The Jewel Private Residences, also known as Jewel, are a group of three residential towers in the suburb of Broadbeach in the city of Gold Coast in Queensland, Australia. Construction began in March 2015, and the buildings were completed in July 2020. They stand at 41, 47 and 34 storeys high, and are positioned on the beachfront. The project was the most expensive high-rise development in Queensland's history. It is owned by AW Holding Group.

The towers’ designs are inspired by quartz crystals. The unique, triptych design was carried out by Oppenheim Architecture and was constructed by Multiplex. The interior was designed by DBI Design.

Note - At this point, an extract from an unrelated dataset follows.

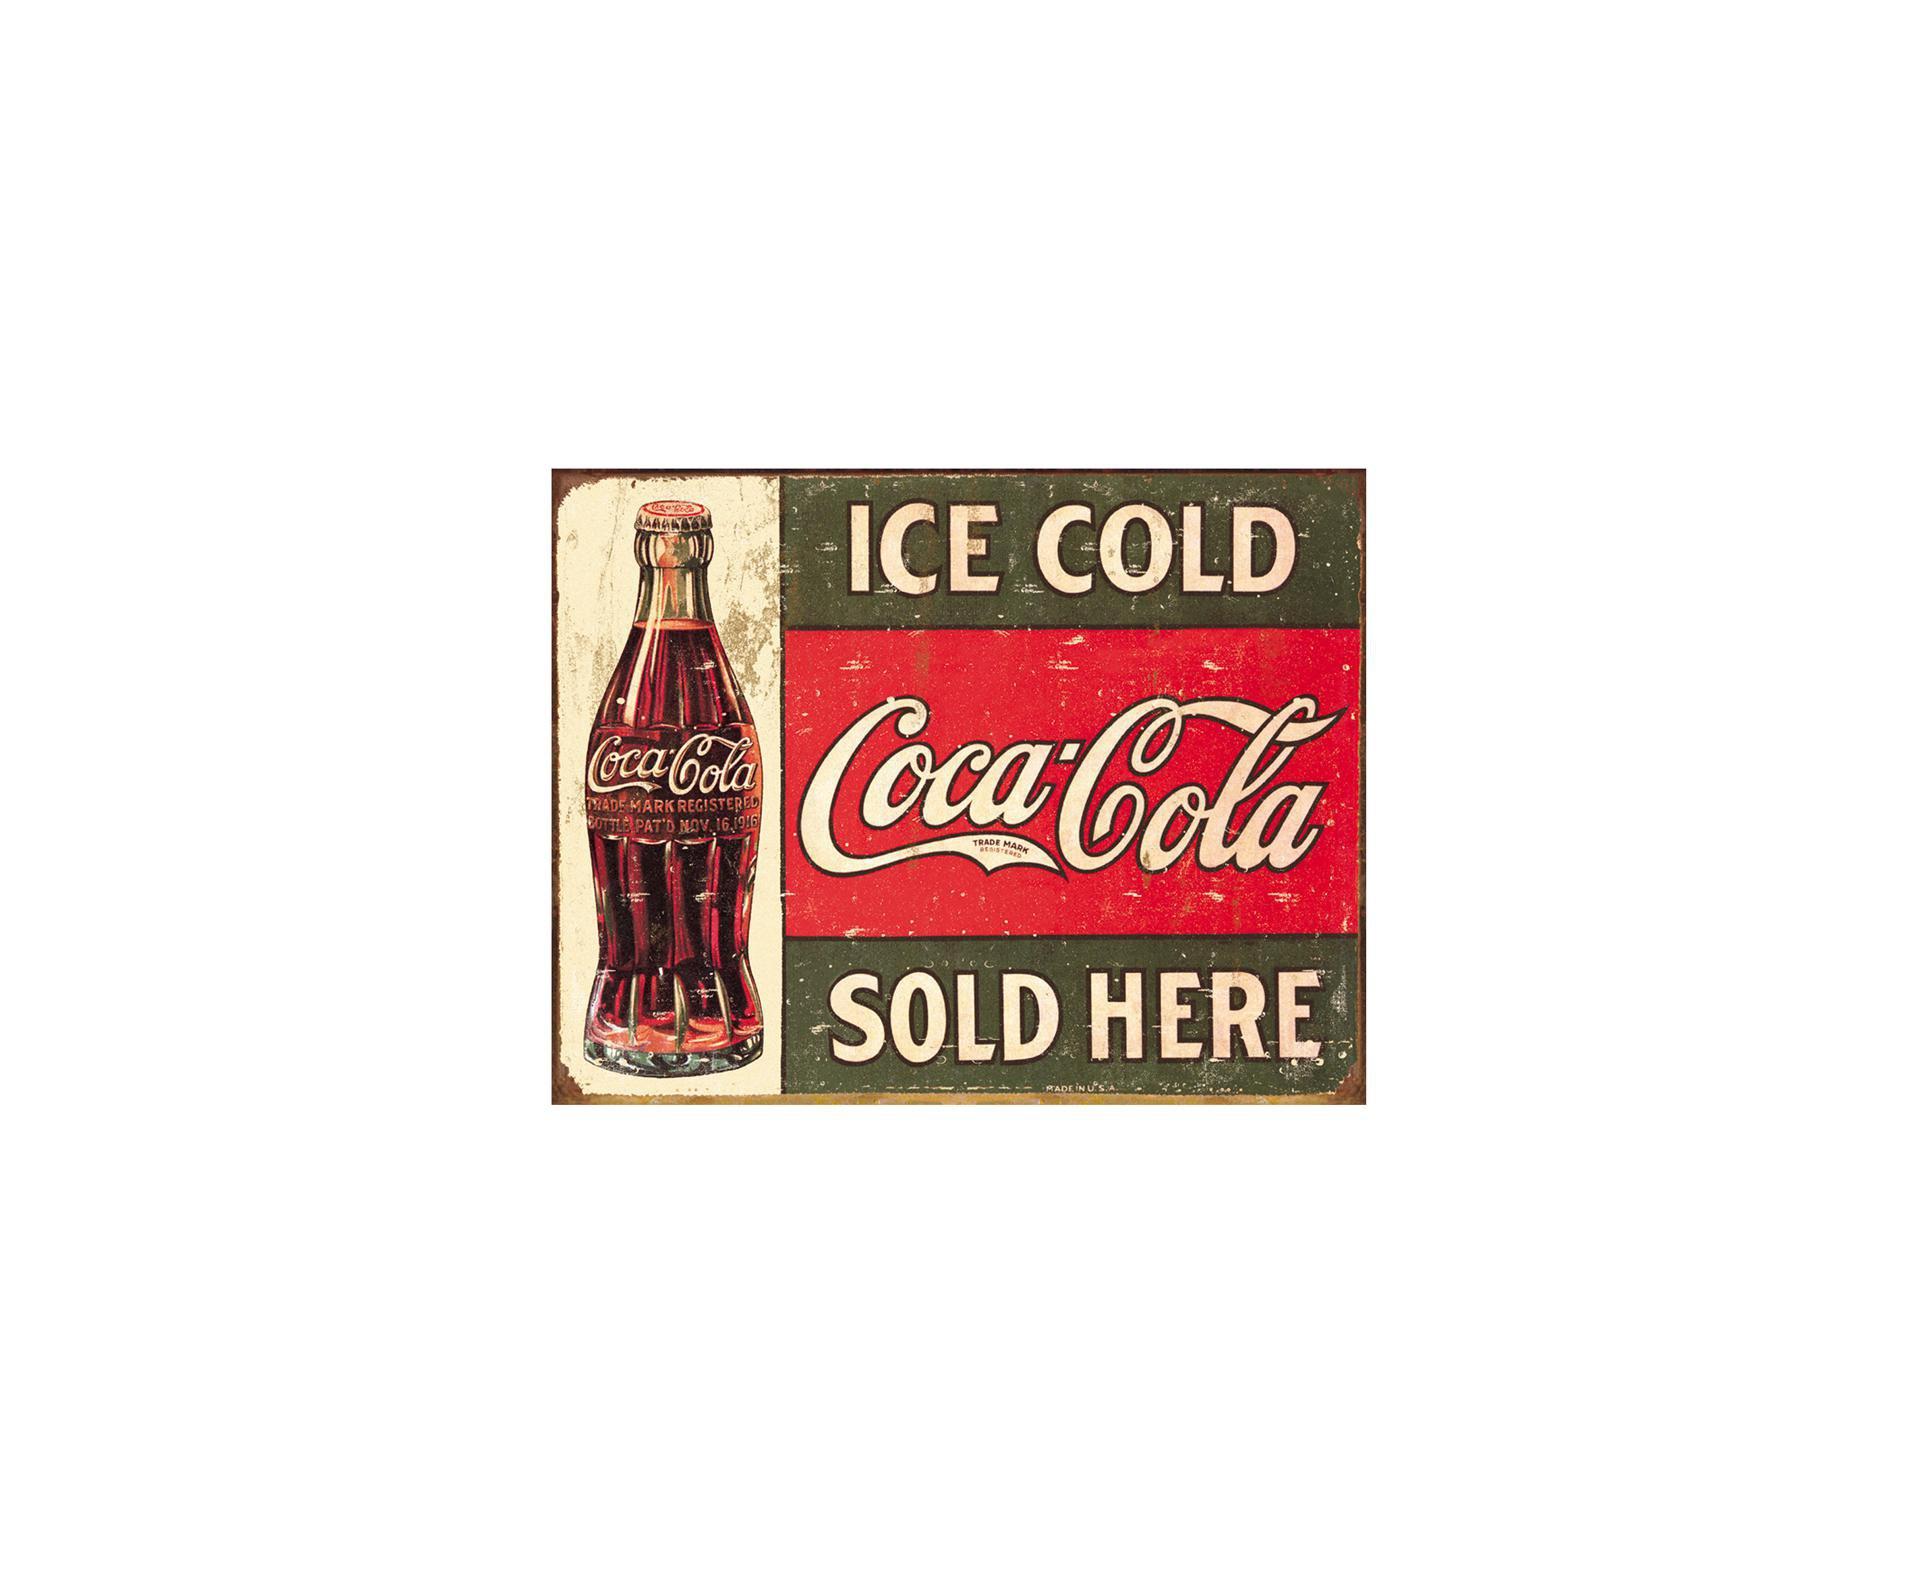 Placa Metálica Decorativa Ice Cold Coke 2 - Rossi
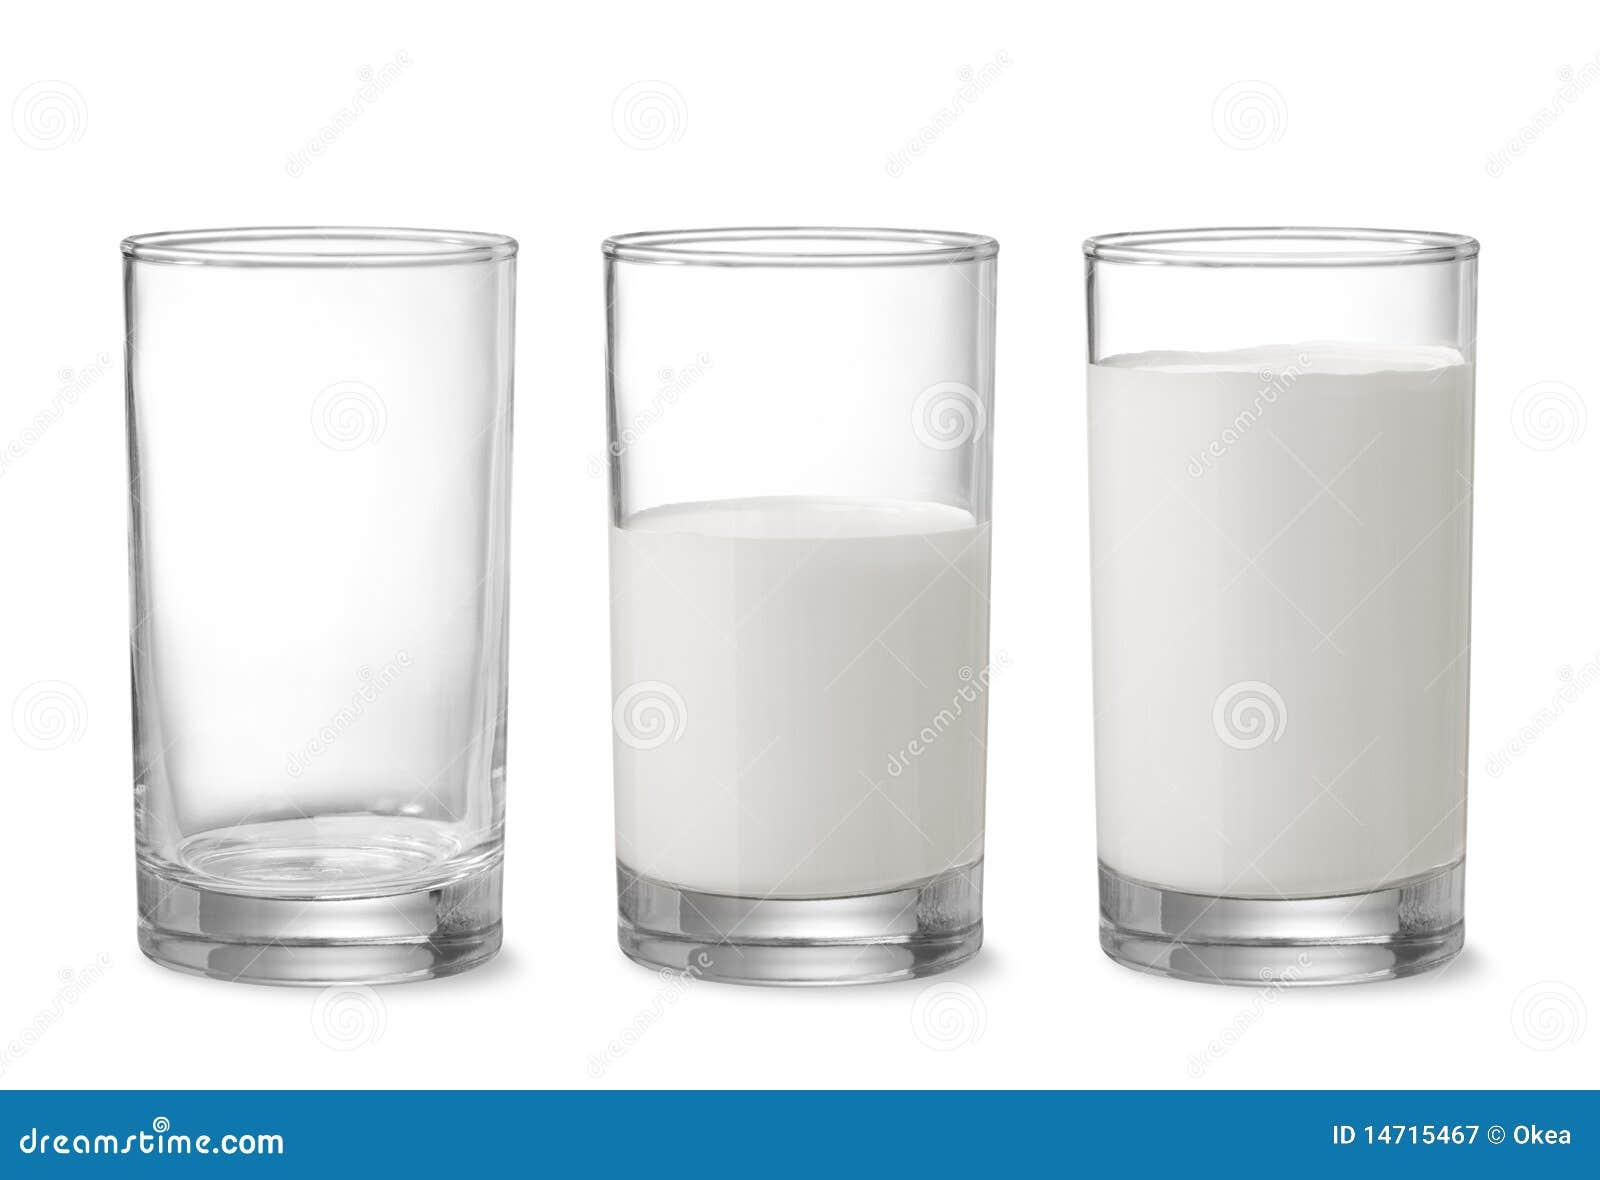 Top up the milk

The site occupies 110 metres of beachfront and covers 1.1 hectares. The complex houses a five star hotel, called The Langham, consisting of 169 suites in the middle tower. The rest of the complex contains 512 one, two, and three bedroom apartments. A podium stretching across all three building's bases provides for conference facilities as well as food and beverage outlets and retail and resort amenities. Three levels of basement provide parking to 812 cars.

The building utilises sophisticated facade technologies that provide shading from sun and shelter from the wind. It has been designed to achieve a five star green star rating.

Three years after construction finished many apartments remain unsold and are not on the market. The delayed, staggered release of residential apartments has been criticised as inappropriate during a housing crisis.